Problem details>
For this listing, reproduce the line with "Tatsächlich helfen Joghurtkulturen", the line with "Emanuele Siracusa - Centro", and the lines between, exactly as they stand. Leave out pictures and all other lines.

Recorded information>
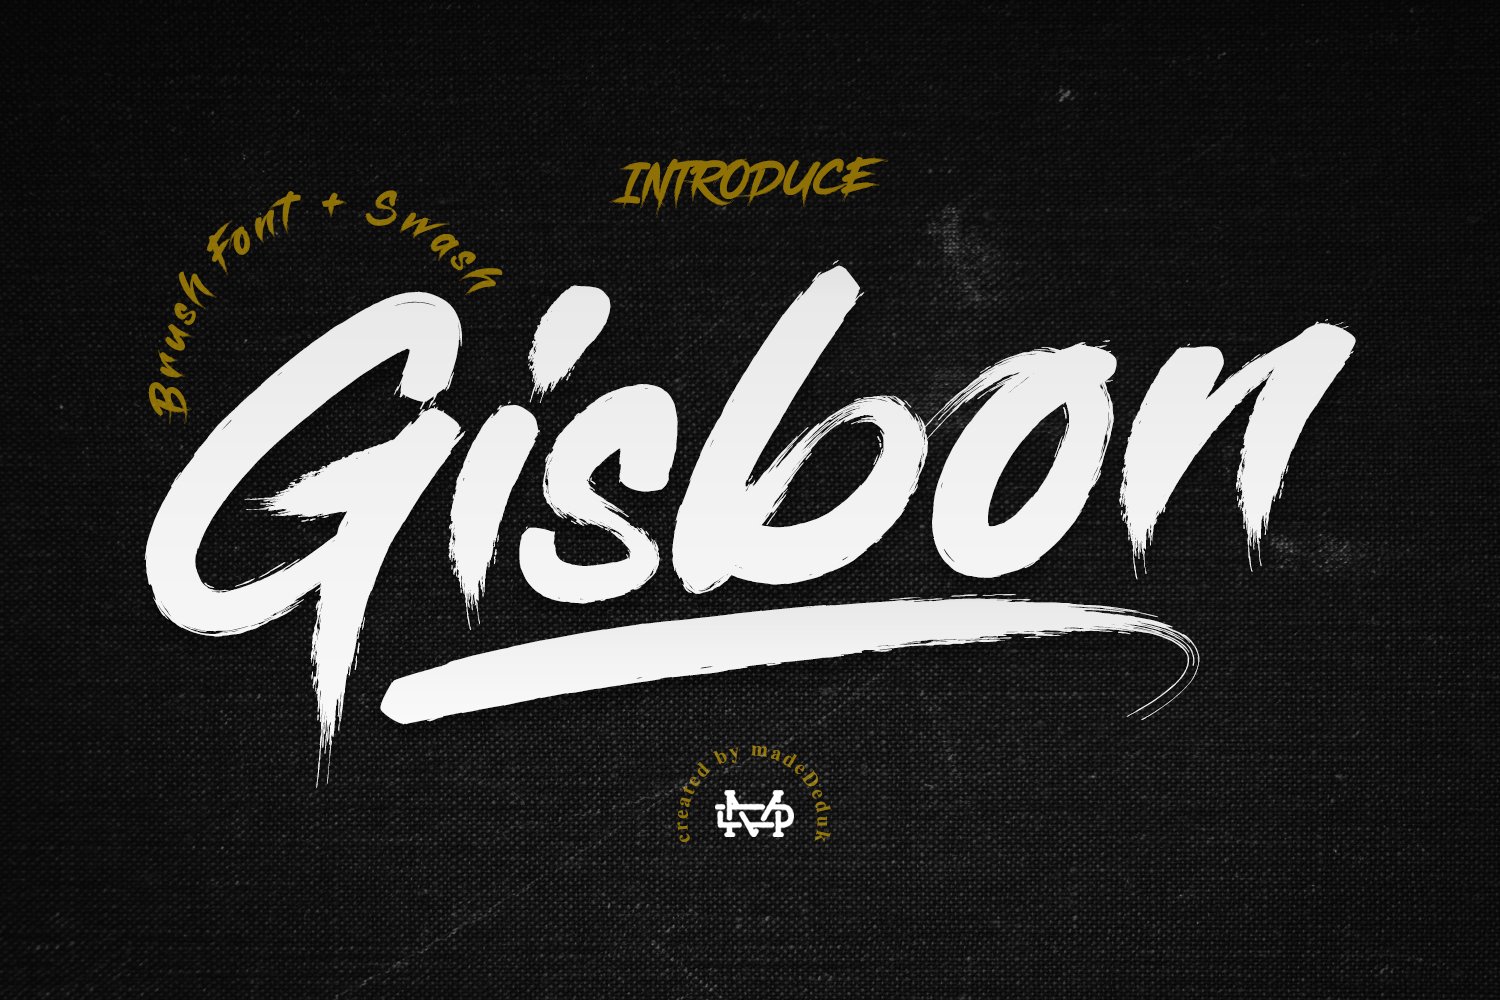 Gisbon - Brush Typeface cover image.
---
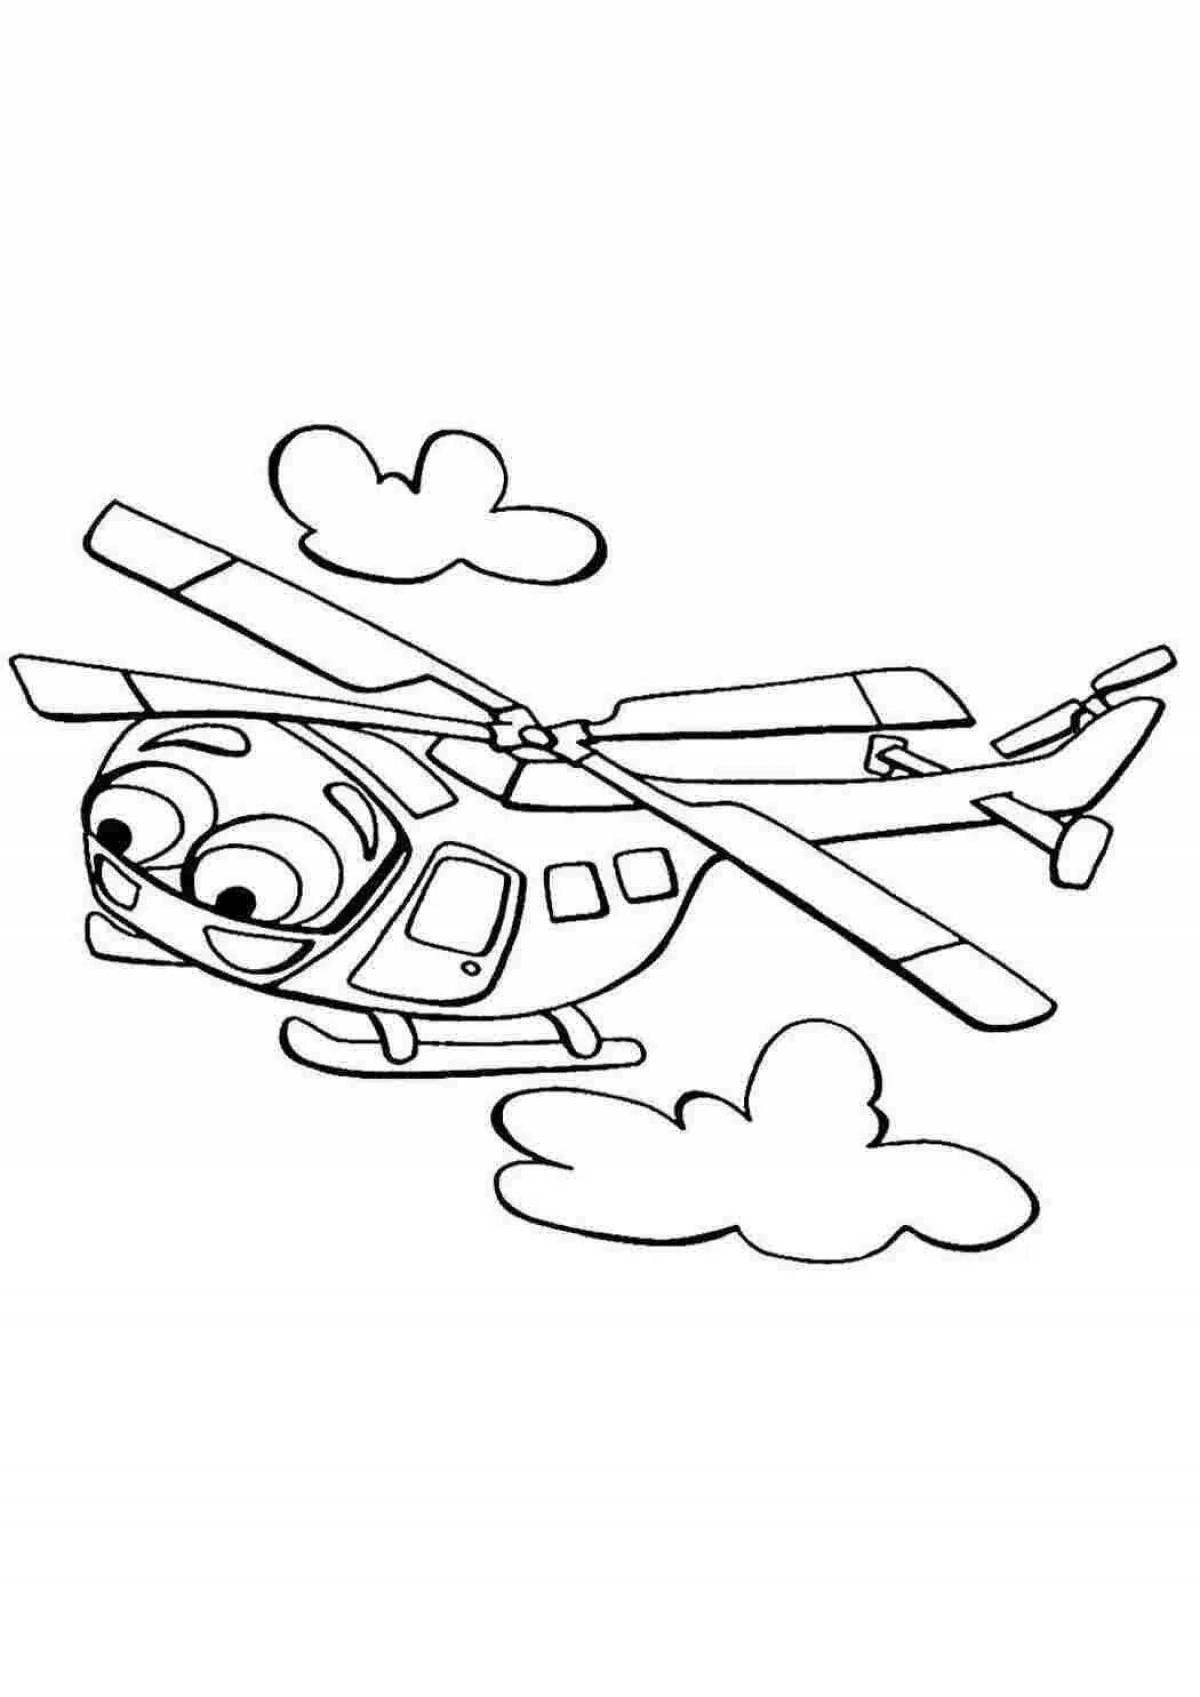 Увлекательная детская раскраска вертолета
...
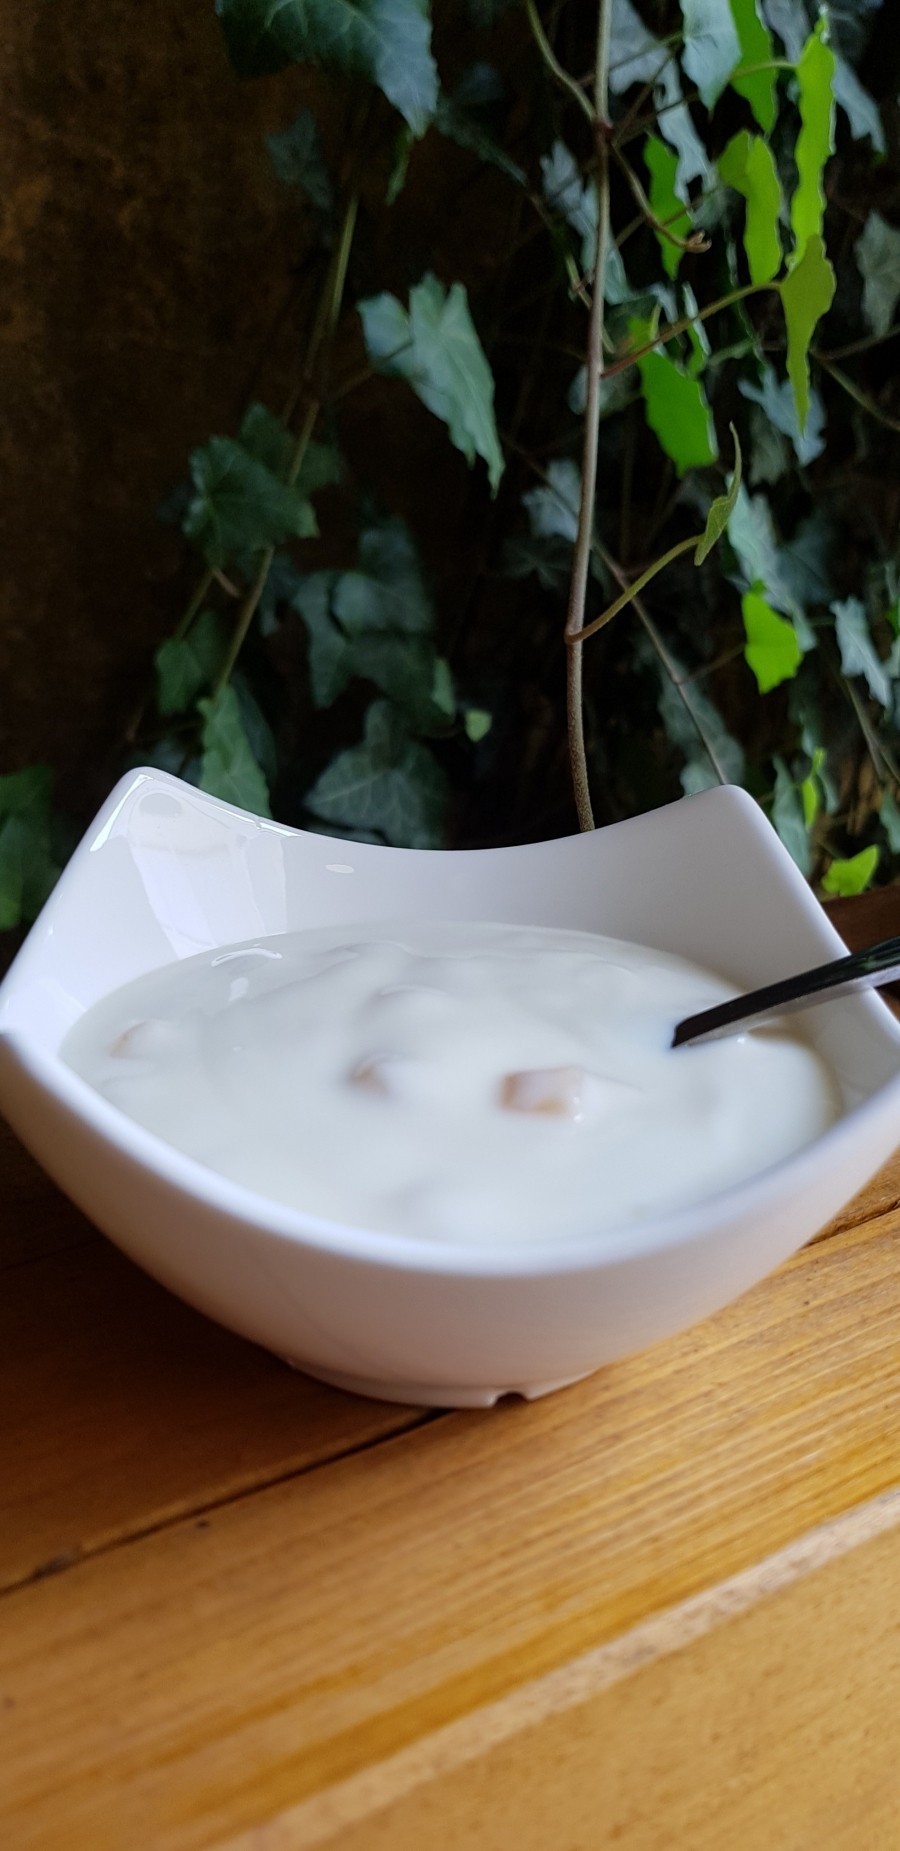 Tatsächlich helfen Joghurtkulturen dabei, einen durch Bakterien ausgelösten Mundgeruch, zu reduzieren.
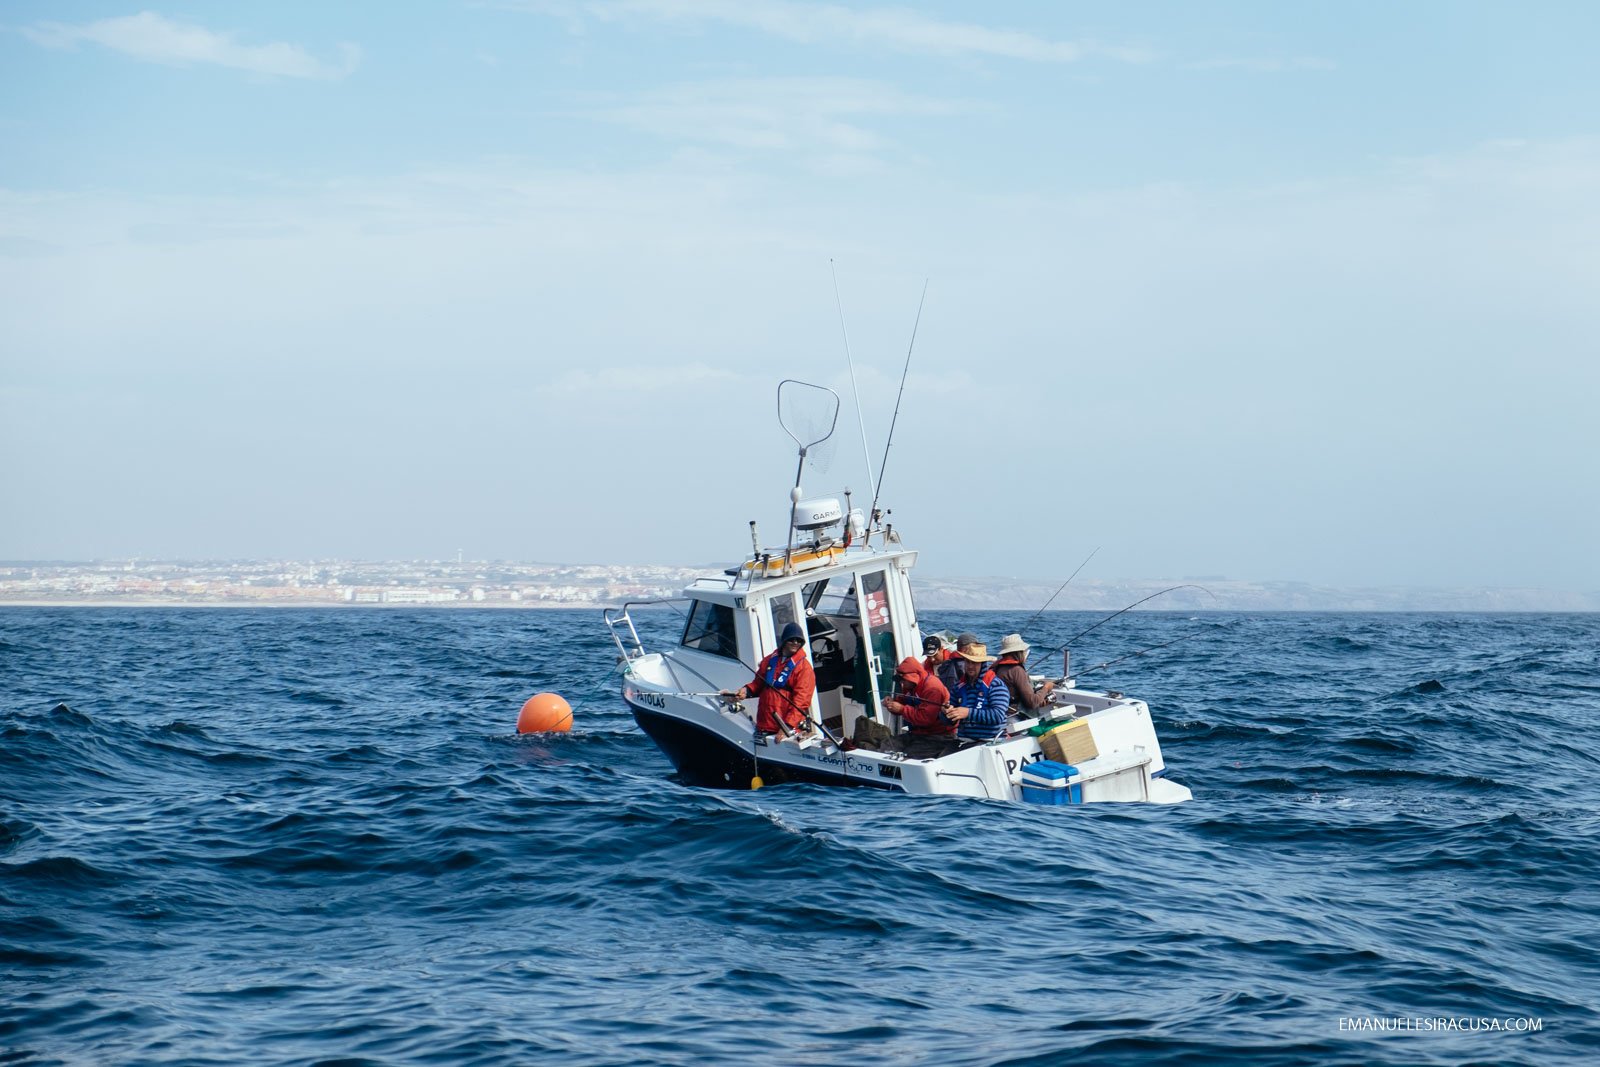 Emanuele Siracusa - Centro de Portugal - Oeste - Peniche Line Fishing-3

Solution to this task>
 Tatsächlich helfen Joghurtkulturen dabei, einen durch Bakterien ausgelösten Mundgeruch, zu reduzieren.
 Emanuele Siracusa - Centro de Portugal - Oeste - Peniche Line Fishing-3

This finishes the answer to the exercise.